The listing must be copied out in full and exactly; no images go with it.
········
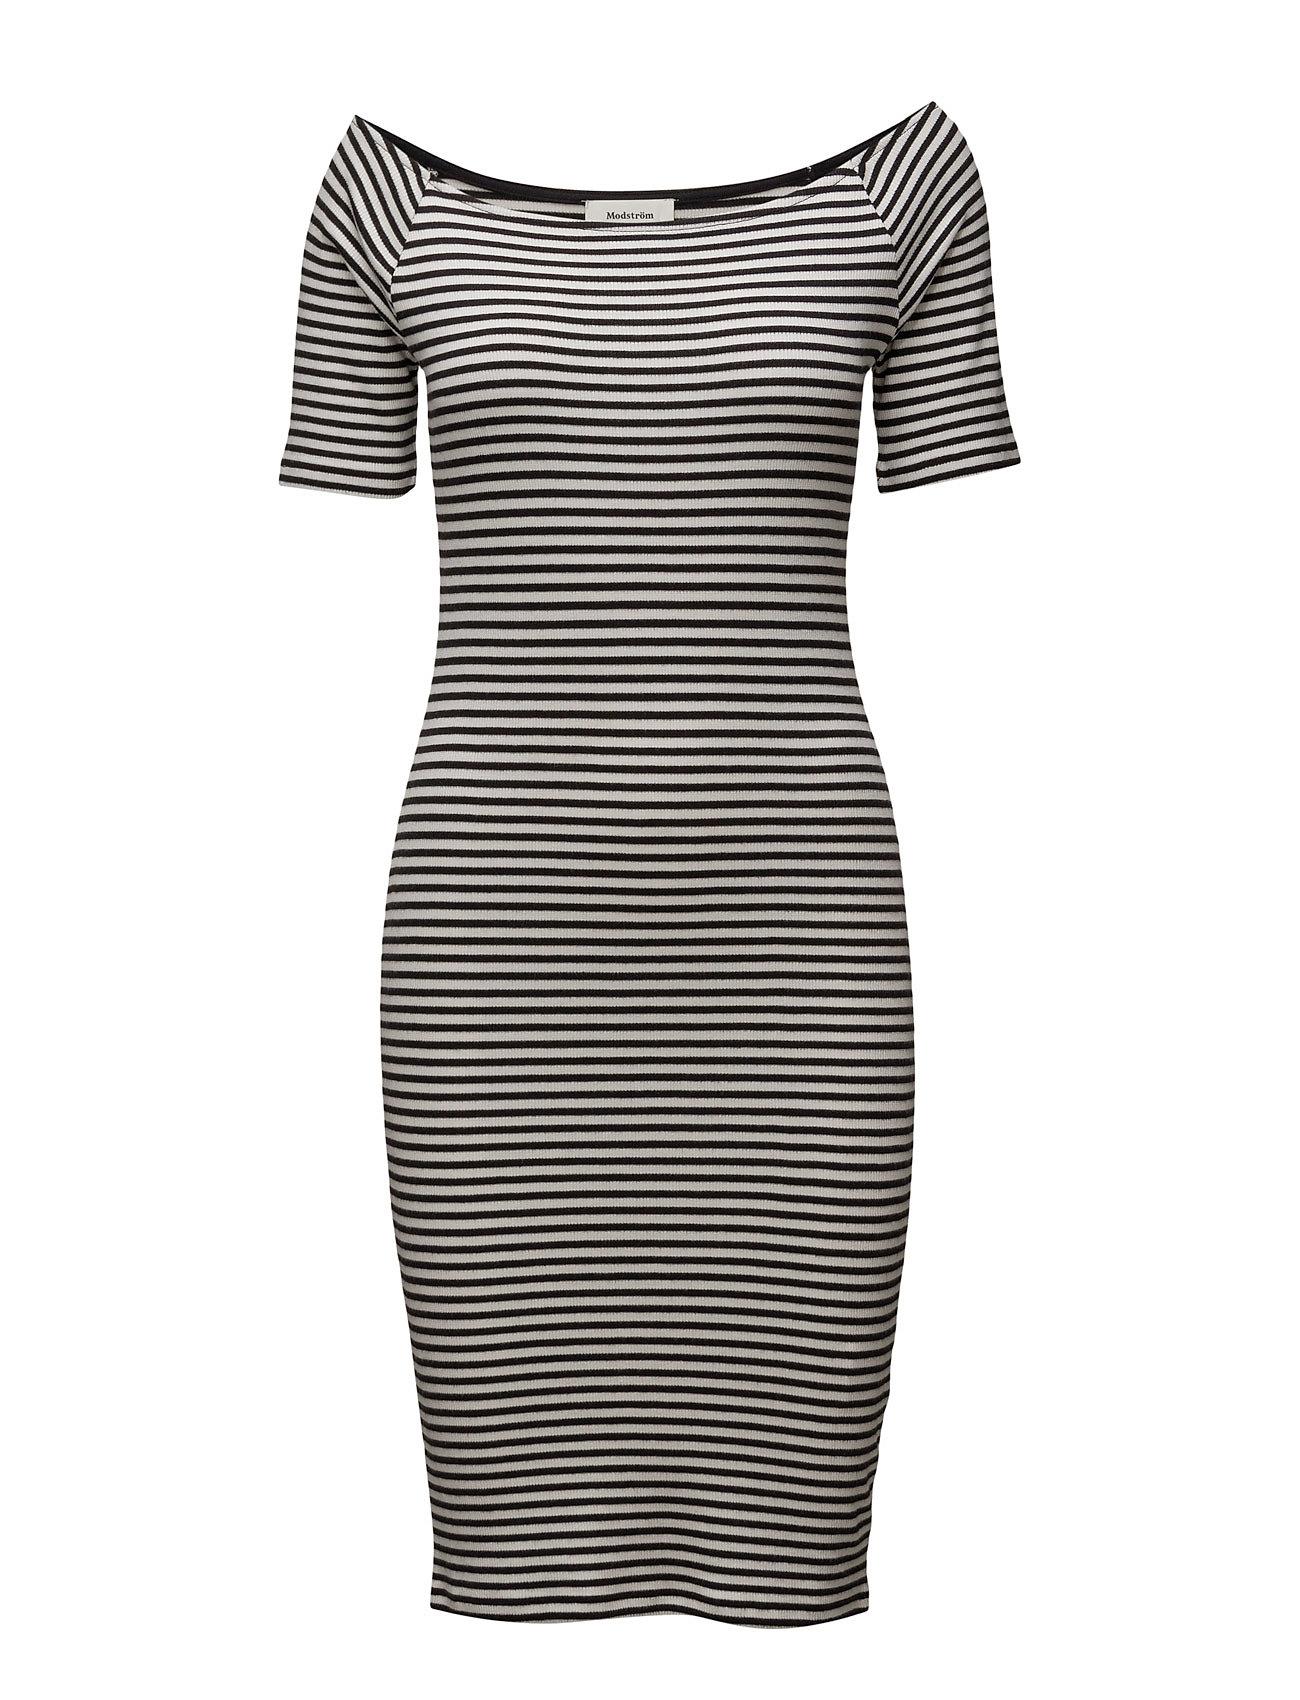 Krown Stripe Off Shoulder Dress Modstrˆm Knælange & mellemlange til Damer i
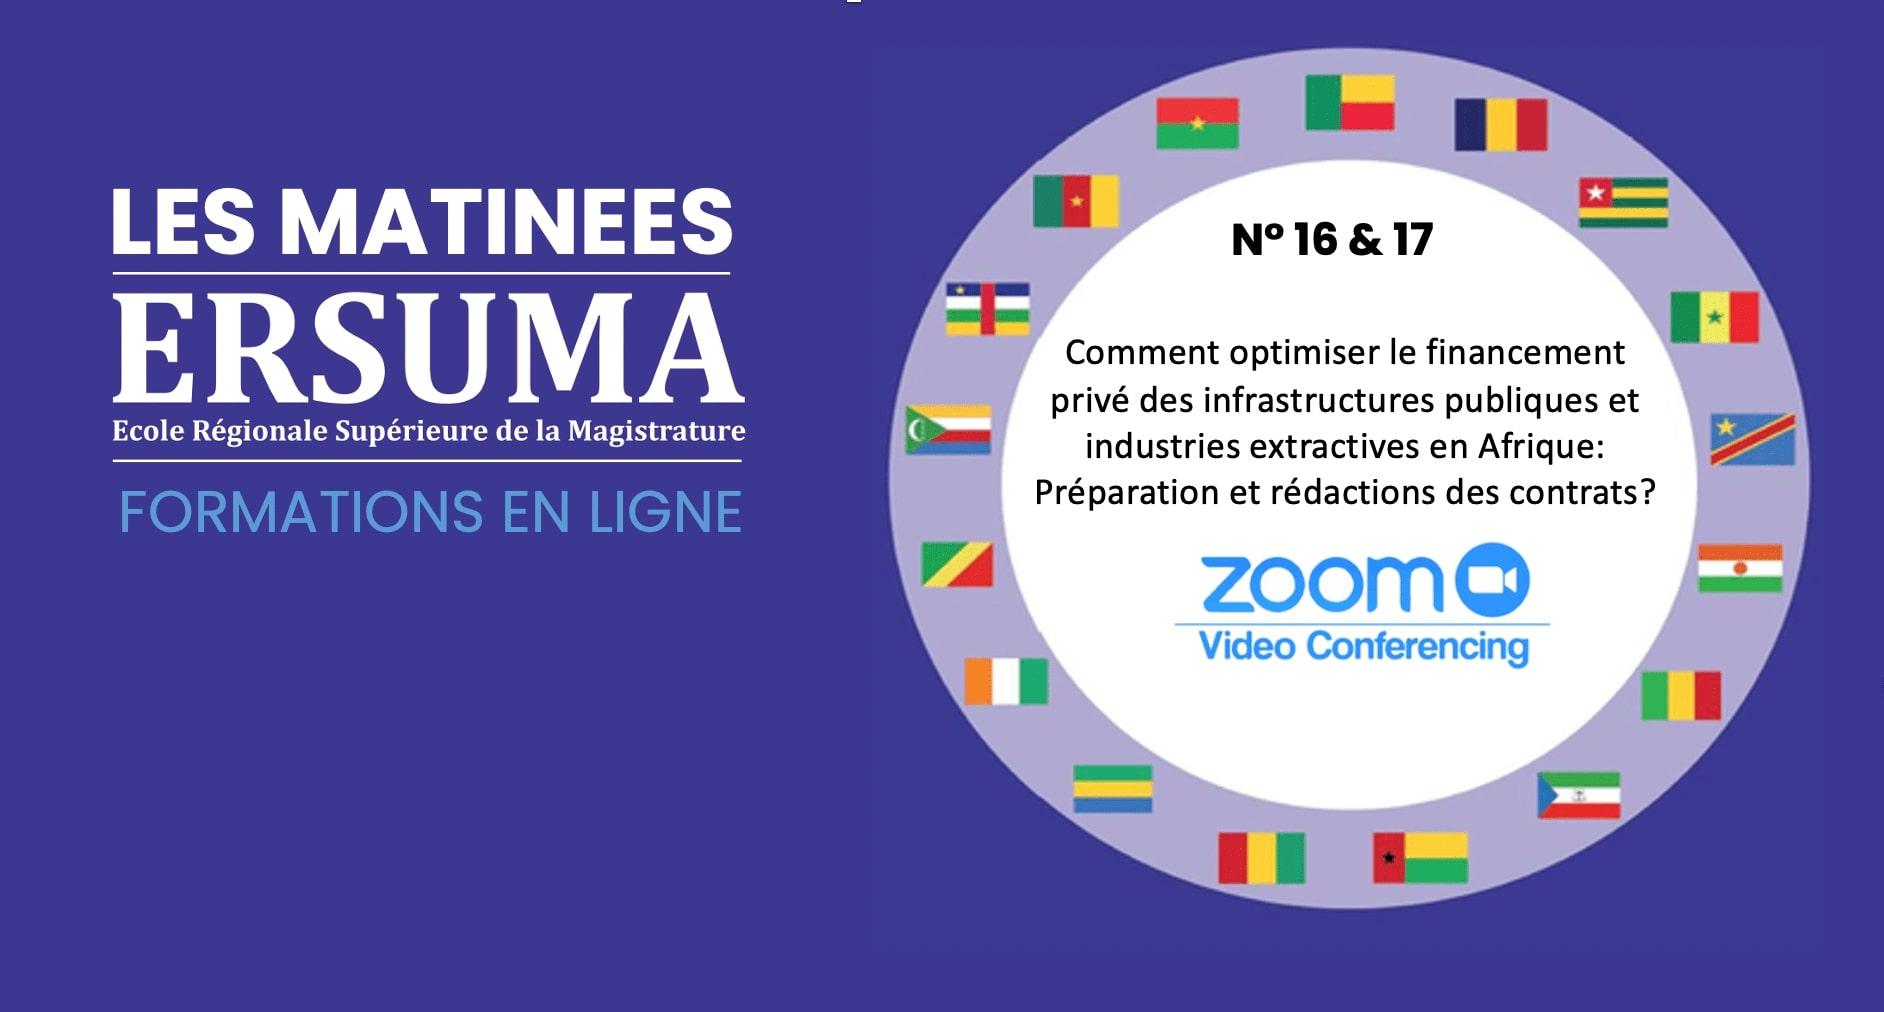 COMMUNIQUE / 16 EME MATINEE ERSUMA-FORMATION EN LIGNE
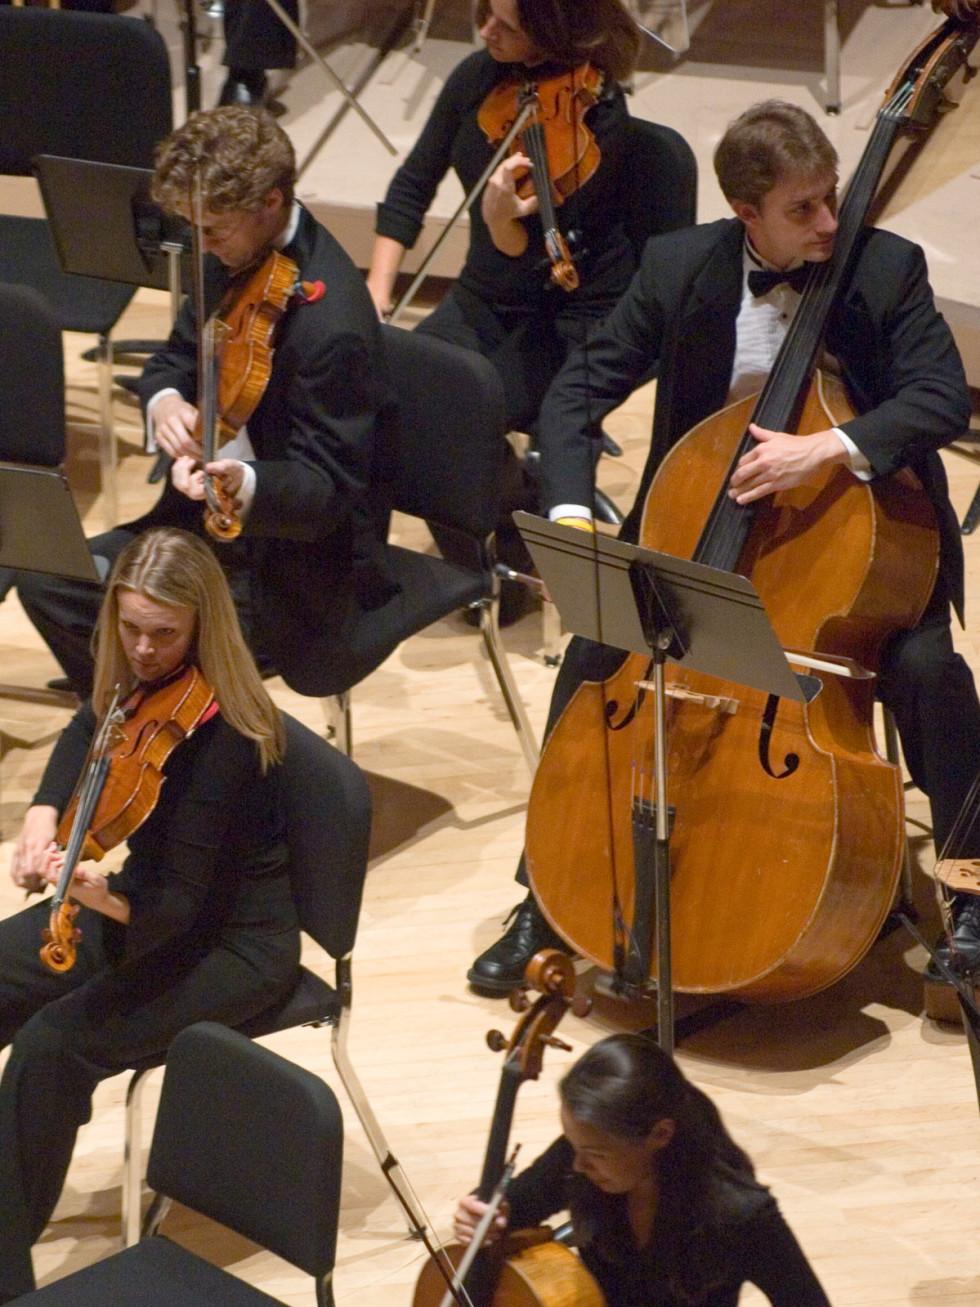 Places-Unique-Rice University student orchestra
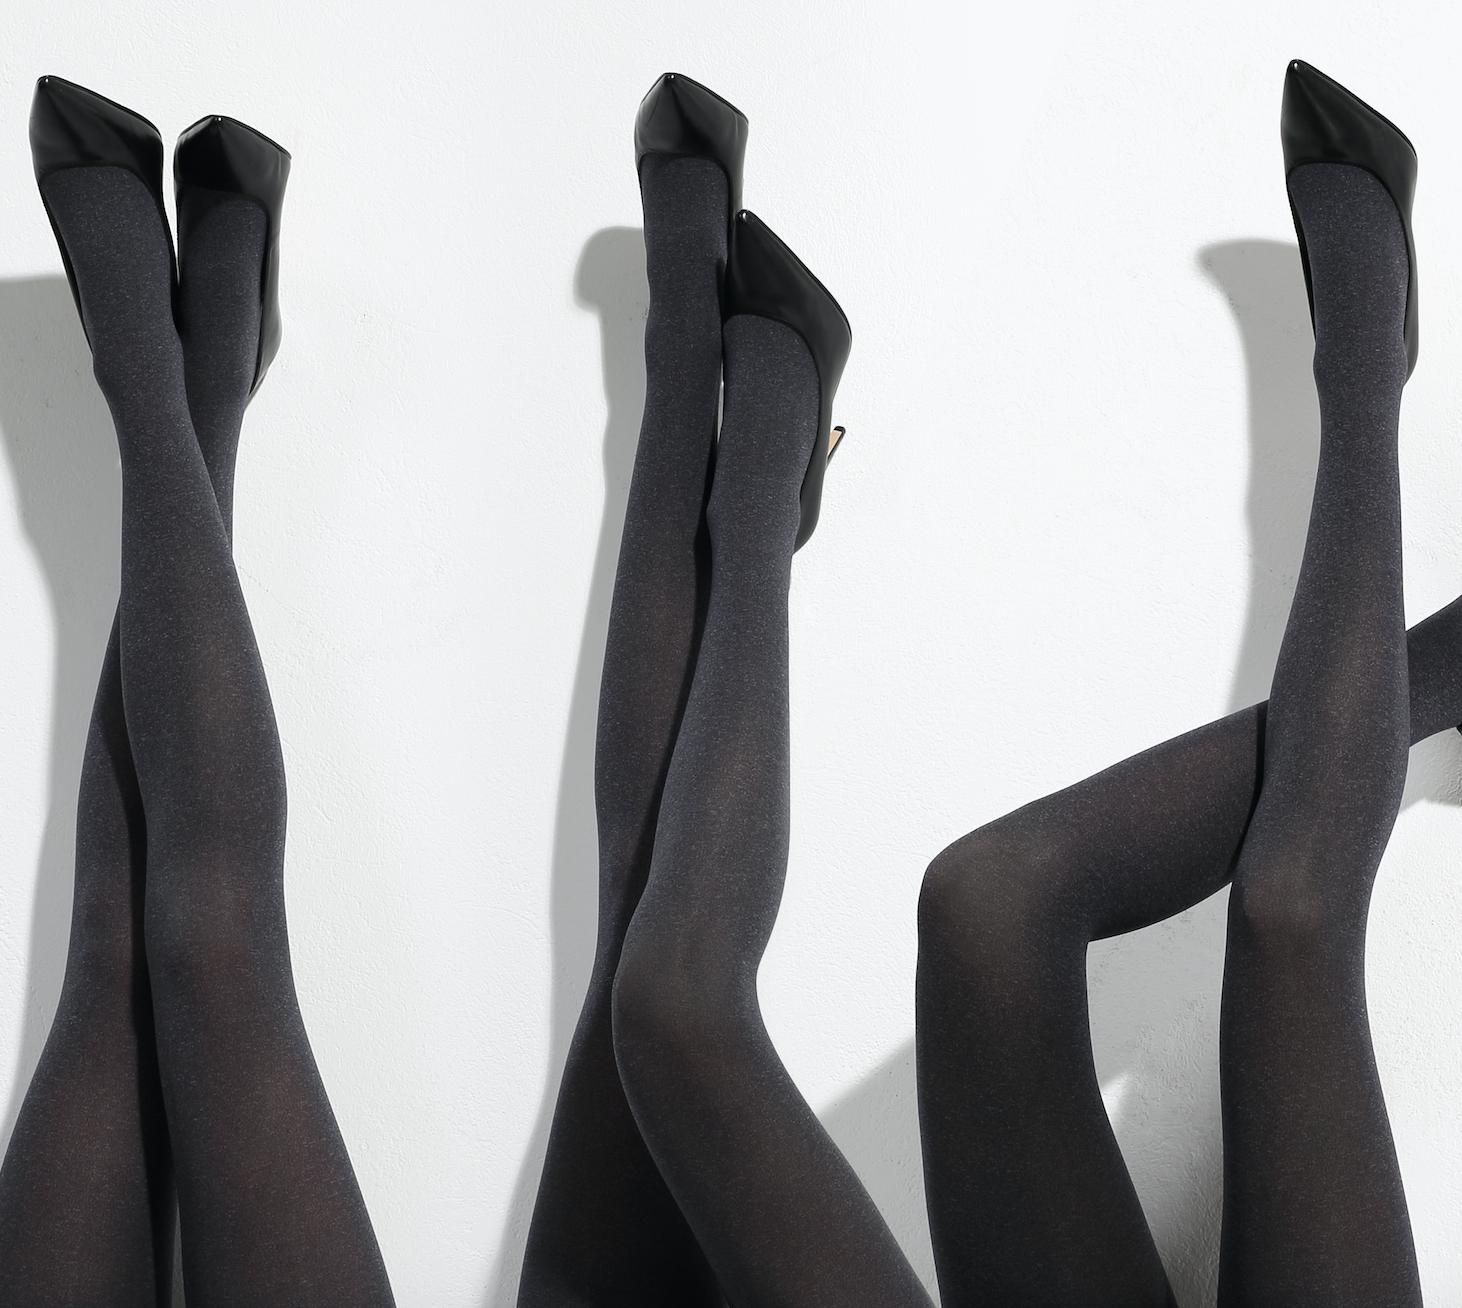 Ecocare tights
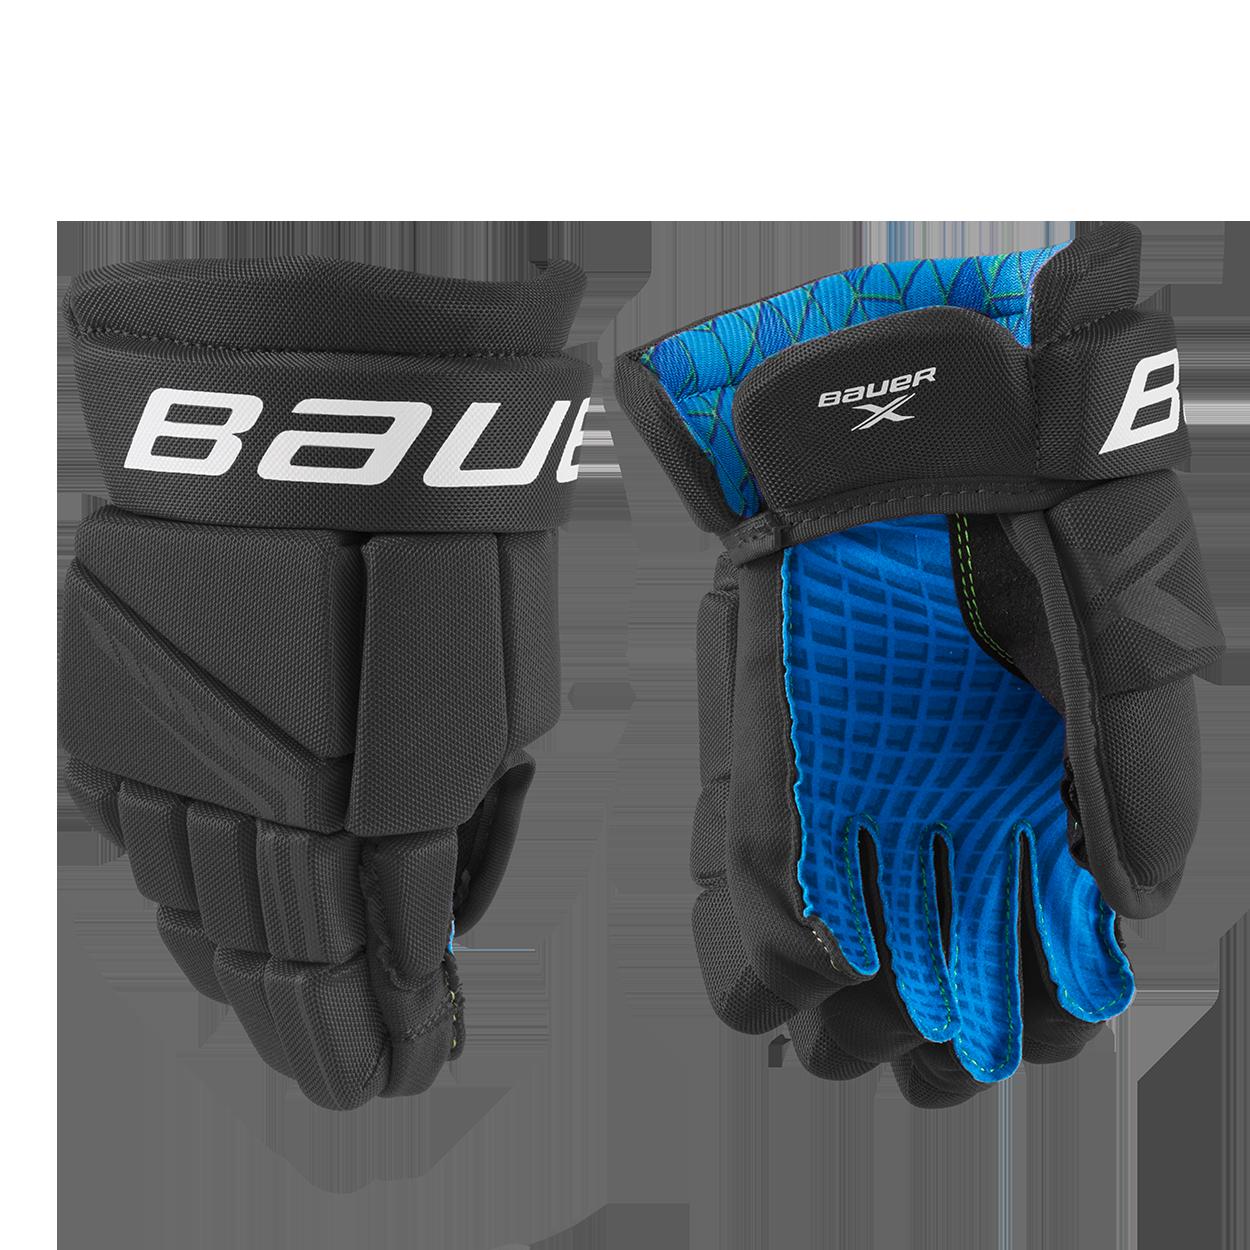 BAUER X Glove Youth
········
WORKED SOLUTION:
 Krown Stripe Off Shoulder Dress Modstrˆm Knælange & mellemlange til Damer i
 COMMUNIQUE / 16 EME MATINEE ERSUMA-FORMATION EN LIGNE
 Places-Unique-Rice University student orchestra
 Ecocare tights
 BAUER X Glove Youth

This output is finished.